I have been thinking about this problem and can’t come up with a solution for it. Perhaps someone here with a better quill may be able to!
Given a set $S=\{s_1,s_2,...,s_N\}$ of $N$ real numbers, $s_i\in\mathbb{R} \ \forall i$, find the minimum set $A=\{a_1,a_2,...,a_M\}$ of $M$ real numbers such that the sum of some combination of distinct elements of $A$ i.e. ($a_1+a_3$) or ($a_4+a_{35}+a_{132}$) etc, yields any element of $S$. Evidently $M=N$ must be an upper bound as it corresponds to a one-to-one mapping of the elements of $A$ to $S$, i.e. $a_i=s_i \forall i$.
For example, if $S=\{1,2,3\}$ clearly the minimum $M=2$ with $A=\{1,2\}$ since $s_1=a_2, s_2=a_2$ and $s_3=a_1+a_2$.

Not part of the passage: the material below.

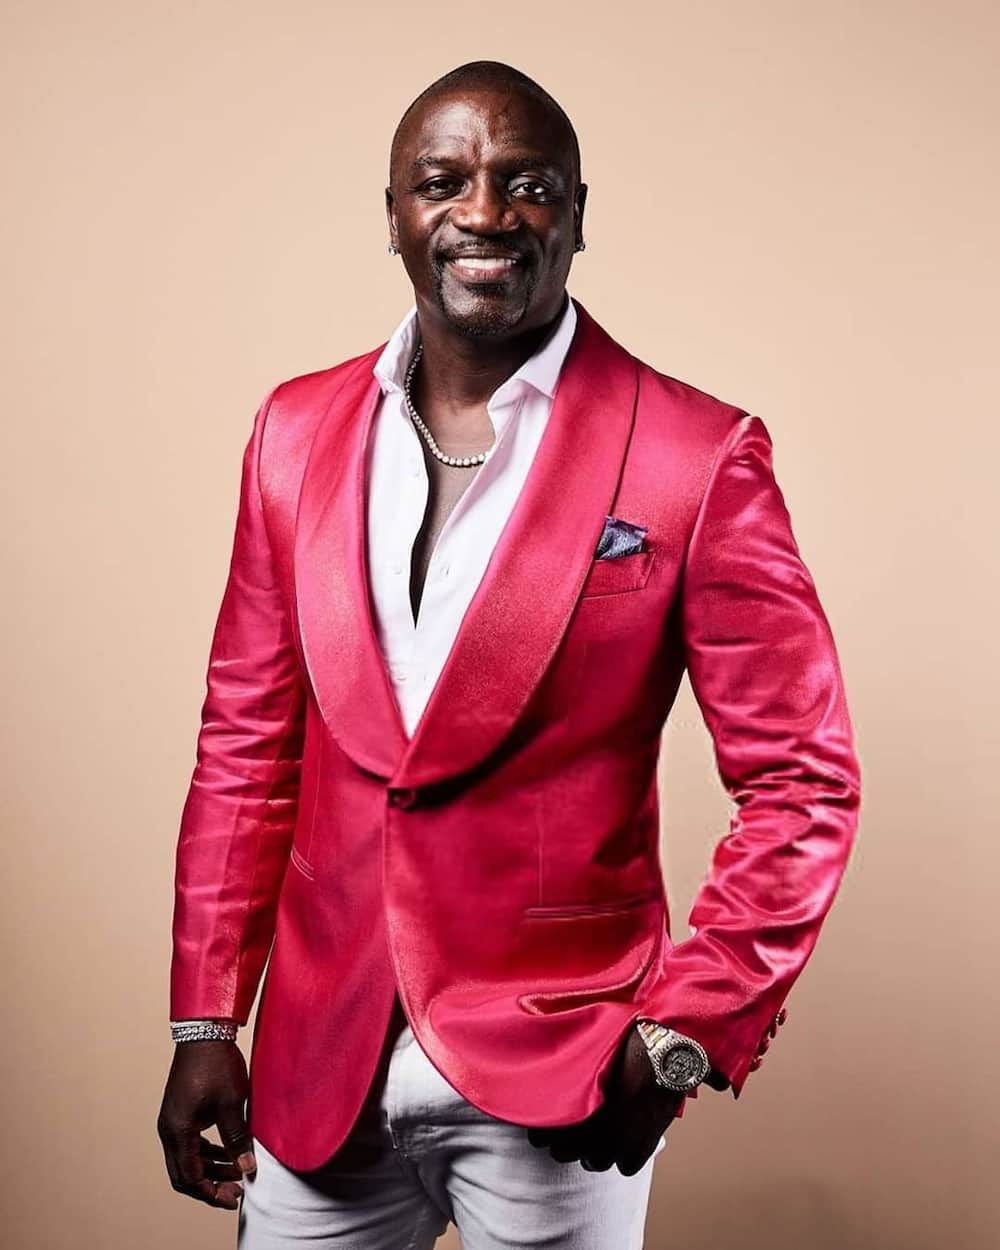 Fans react as Akon unveils his N2.3 trillion 'futuristic' city in Senegal (photos)
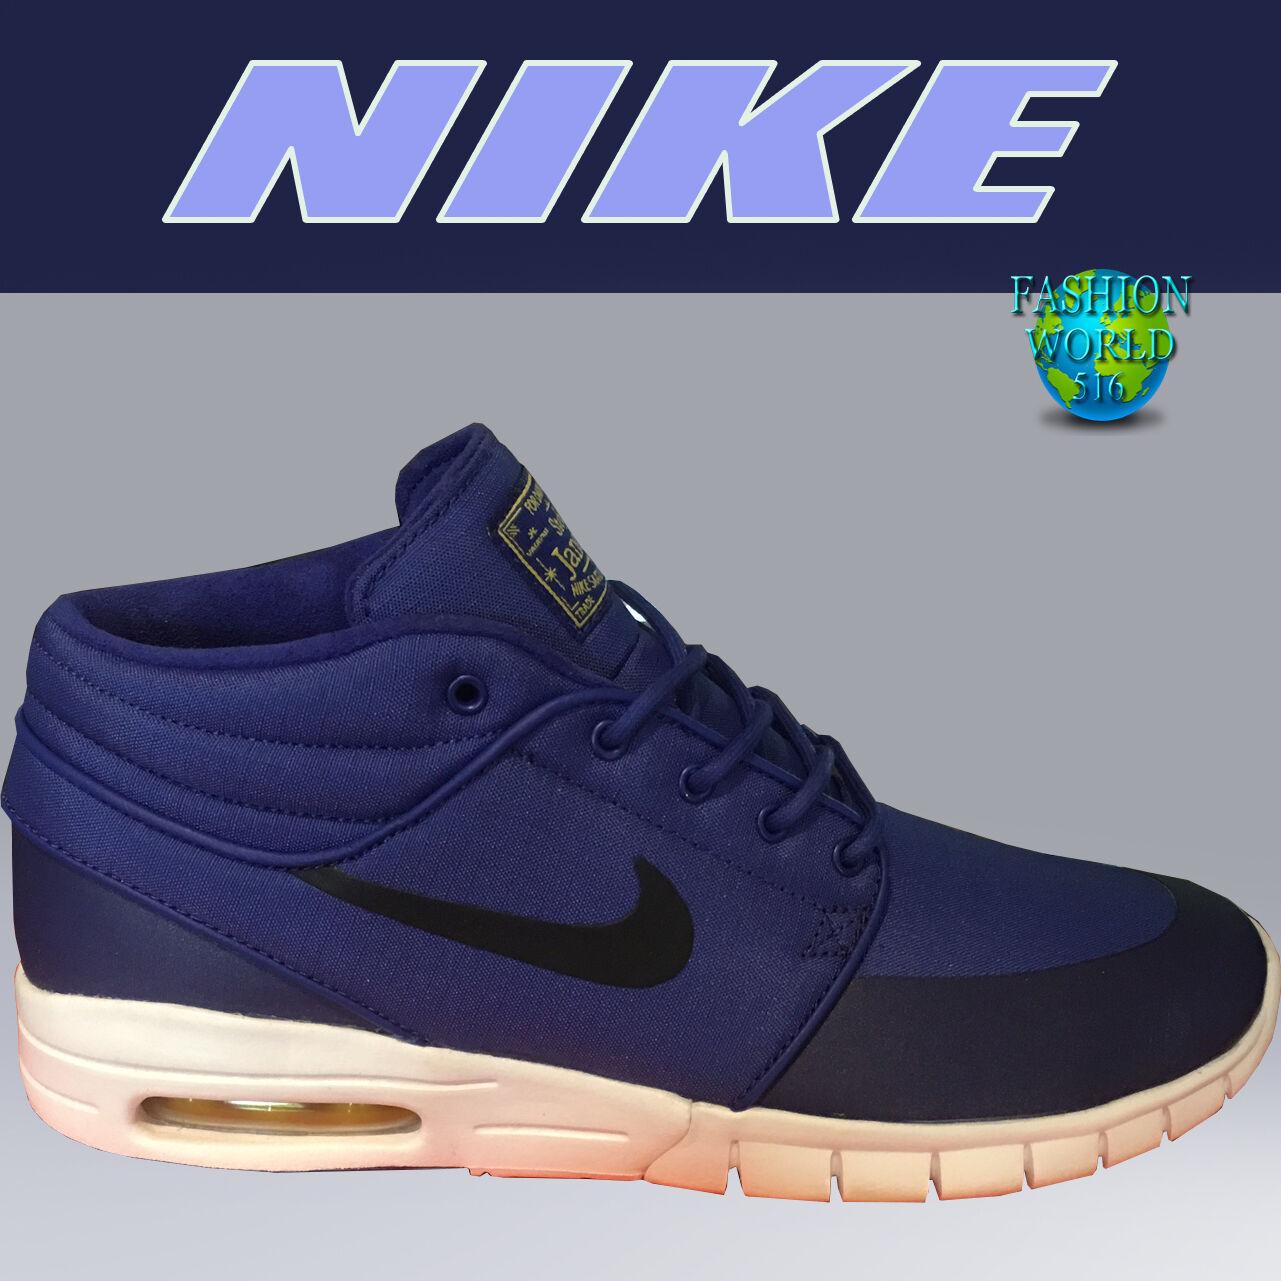 nike 9 taille 9 nike sb stefan janoski hommes mi - chaussures de max 807507 507 bleu royal / marine b64d02

I’m not a mathematician but I guess this could be expressed as something like $$ \min M :s_i=\sum_n^{M}a_n\pi(n,i) \quad \forall i $$ where $\pi(n,i)\in\{0,1\}\forall n,i$ is a function you may choose depending on your needs.
I fear nothing can be said and that the answer depends on $S$.